- EXERCISE BRIEF: The reply should be an exact repeat of the listing, with no pictures in it.

(INPUT DATA begins)

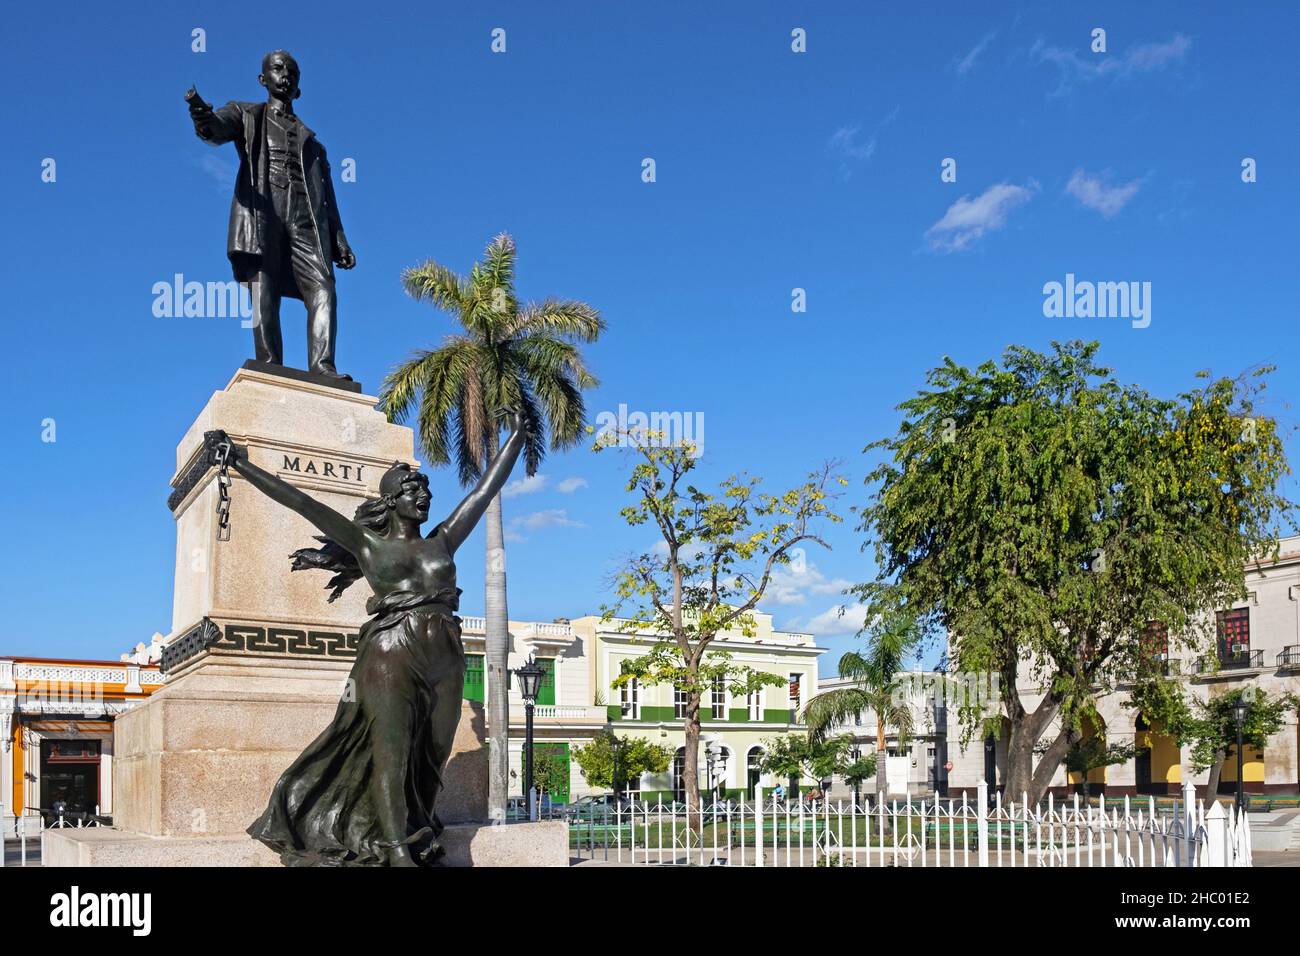 Estatua de la Libertad und Statue von José Martí, Befreier von Kuba im Parque de la Libertad / Liberty Park in der Stadt Matanzas auf der Insel Kuba Stockfoto
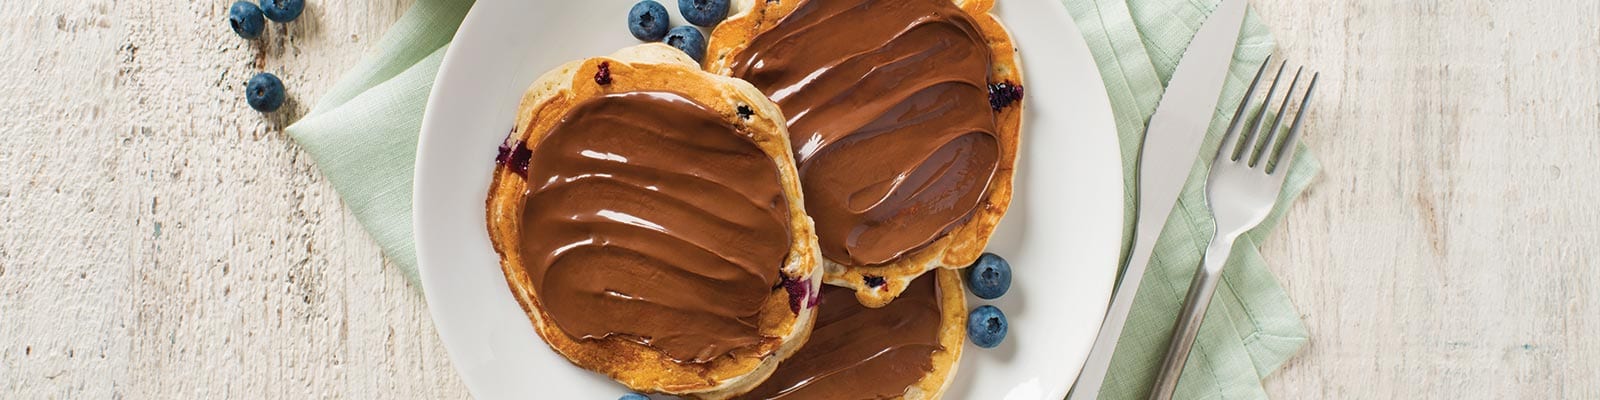 Yogurt and Berry Pancakes with NUTELLA<sup>®</sup> hazelnut spread
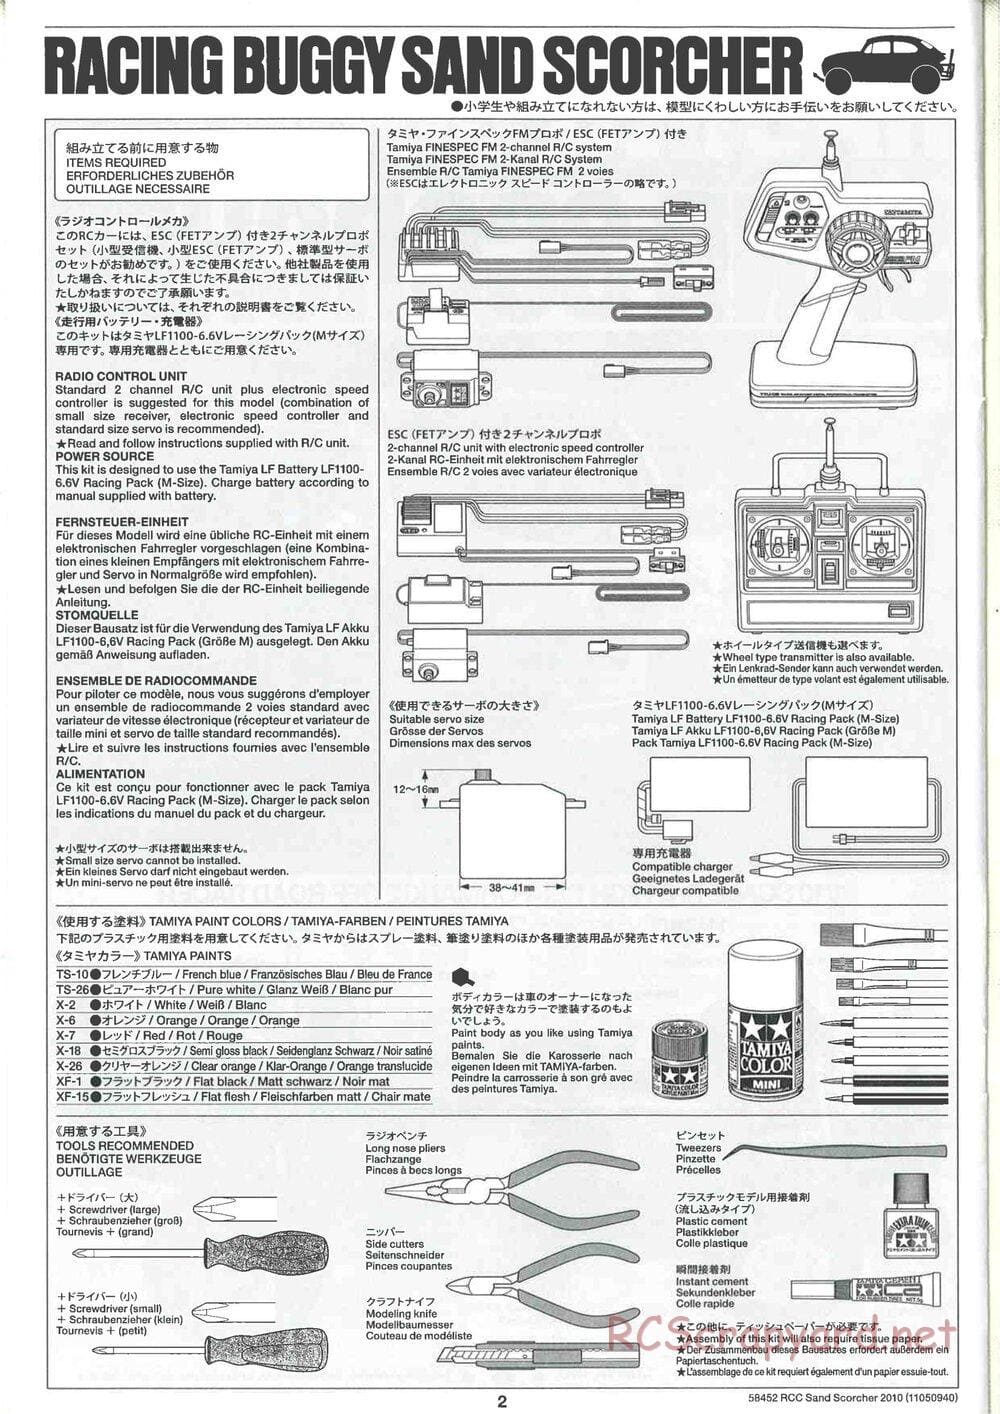 Tamiya - Sand Scorcher 2010 - SRB v1 Chassis - Manual - Page 2
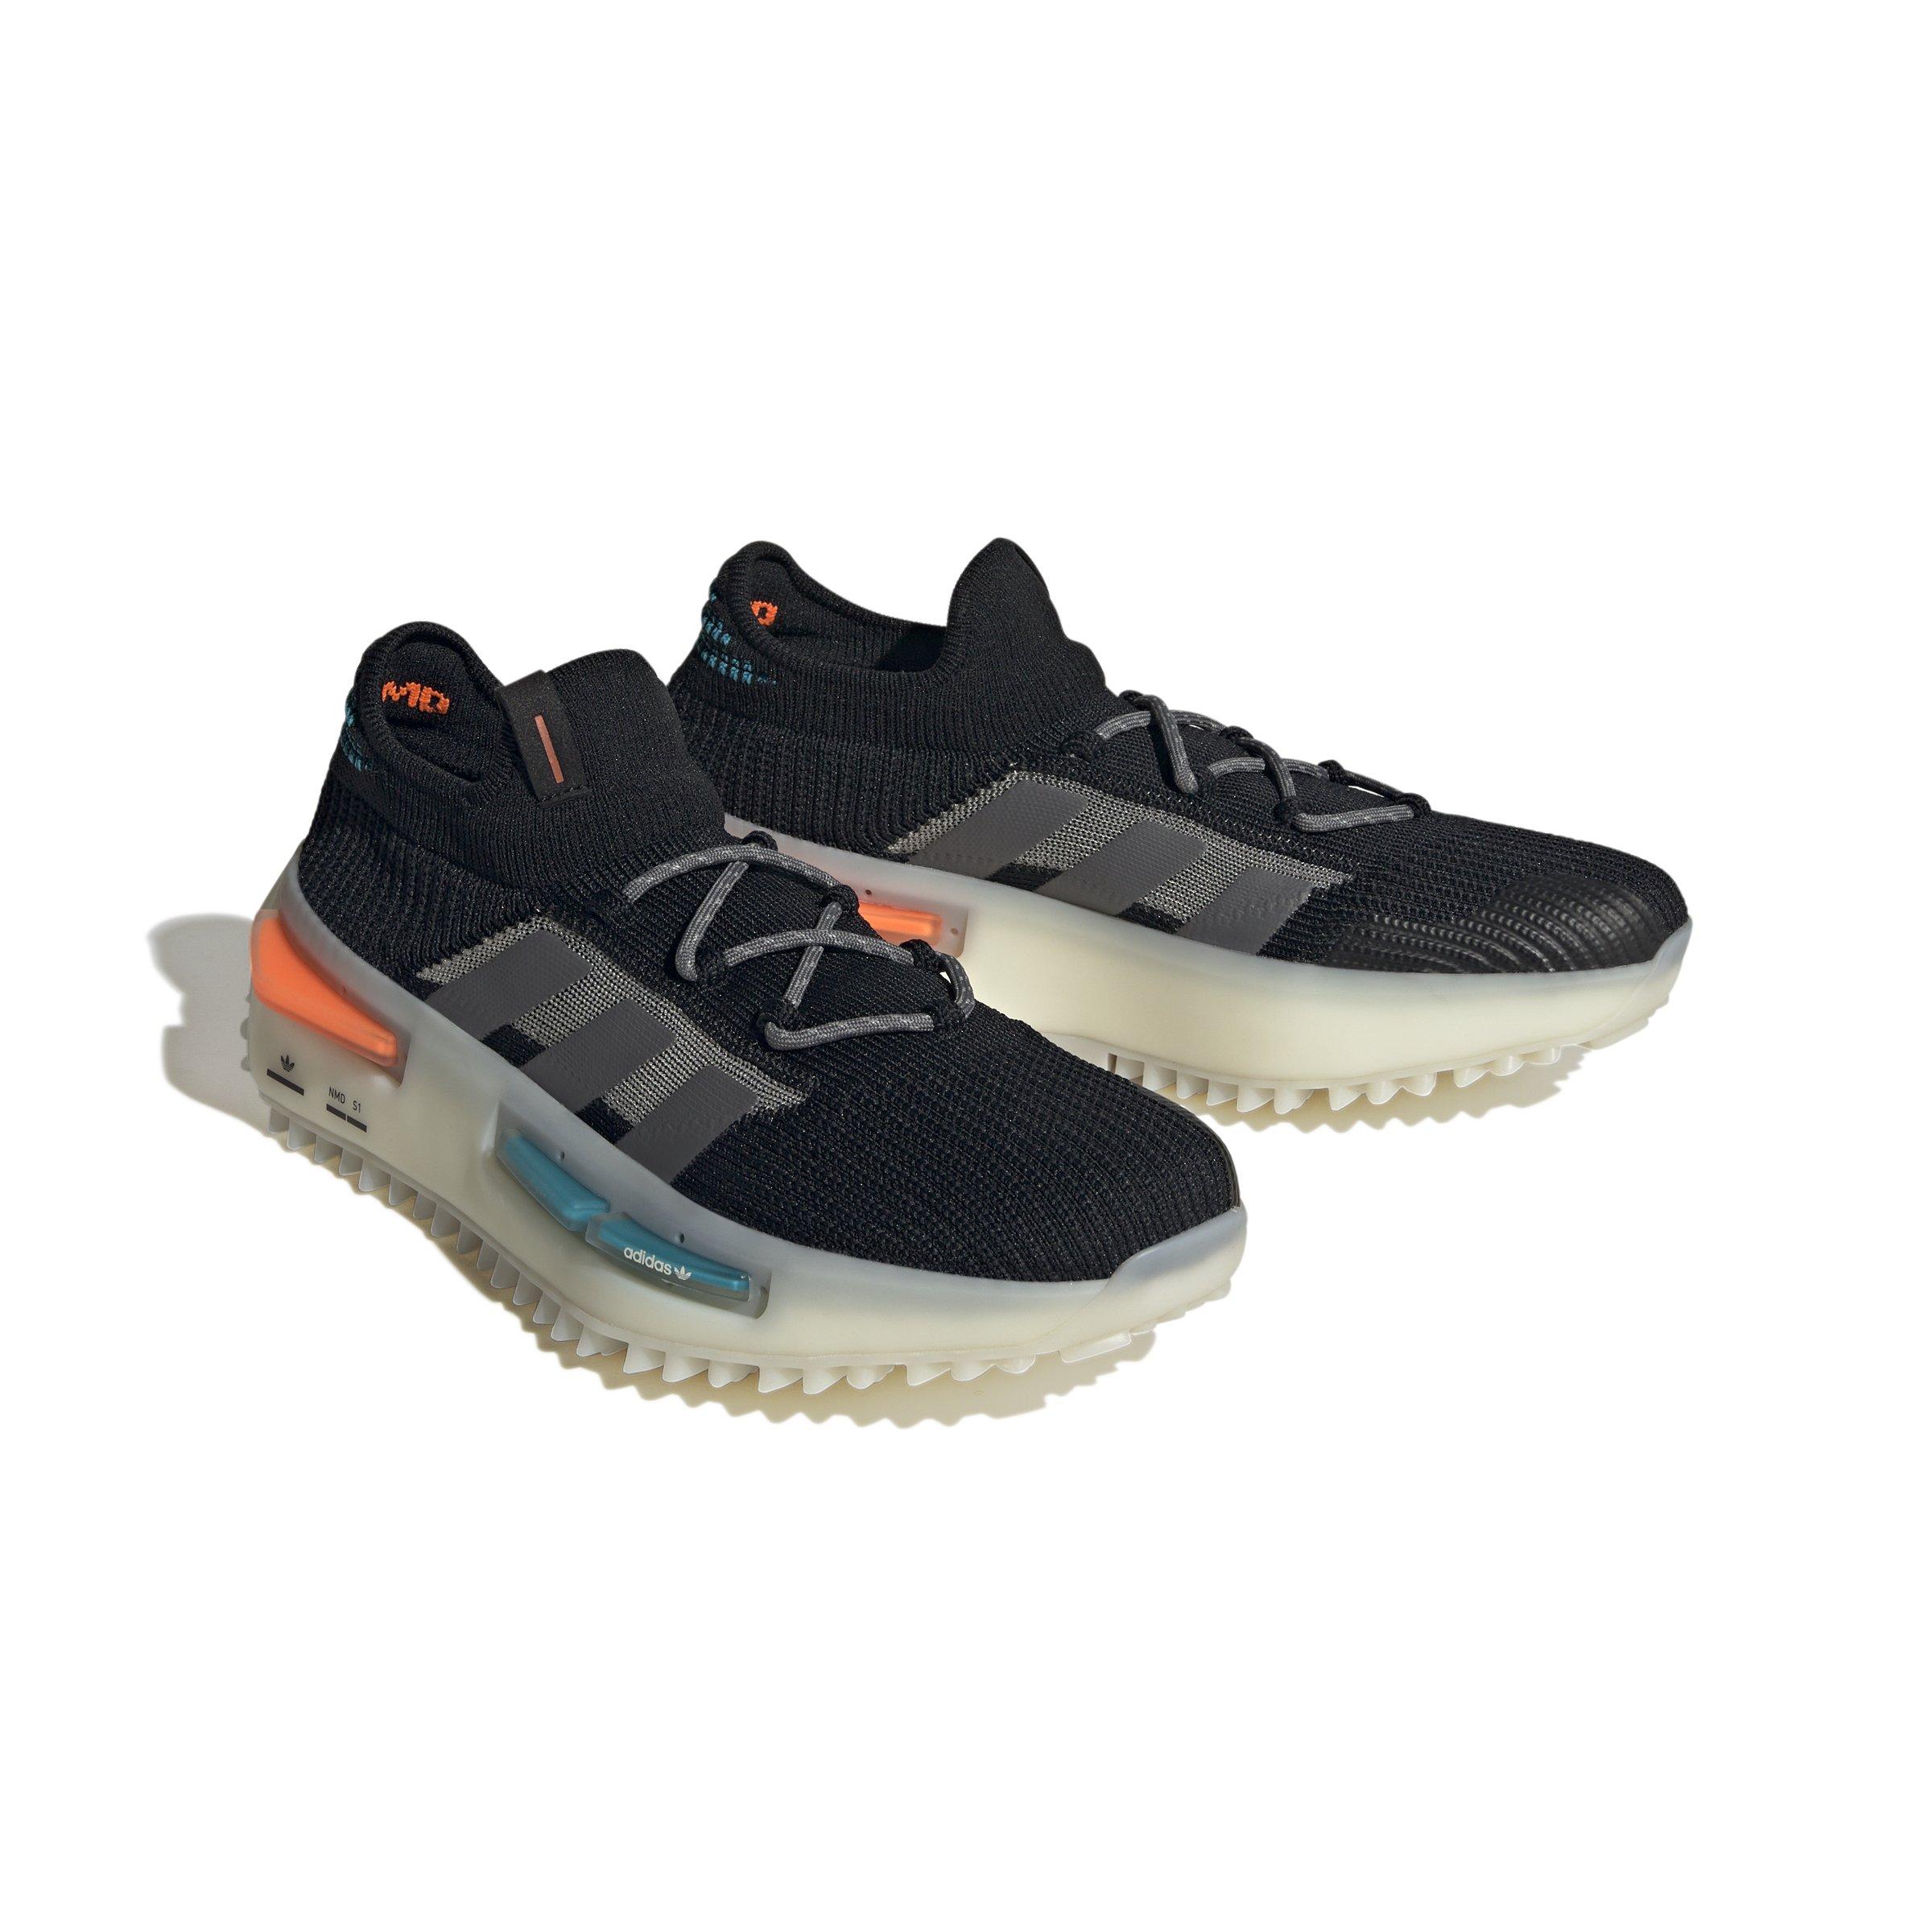 adidas Originals NMD_S1 "Black Teal Orange" Men's Shoe Hibbett | City Gear

(INPUT DATA ends)

- WRITTEN RESPONSE:
 Estatua de la Libertad und Statue von José Martí, Befreier von Kuba im Parque de la Libertad / Liberty Park in der Stadt Matanzas auf der Insel Kuba Stockfoto
 Yogurt and Berry Pancakes with NUTELLA<sup>®</sup> hazelnut spread
 Tamiya - Sand Scorcher 2010 - SRB v1 Chassis - Manual - Page 2
 adidas Originals NMD_S1 "Black Teal Orange" Men's Shoe Hibbett | City Gear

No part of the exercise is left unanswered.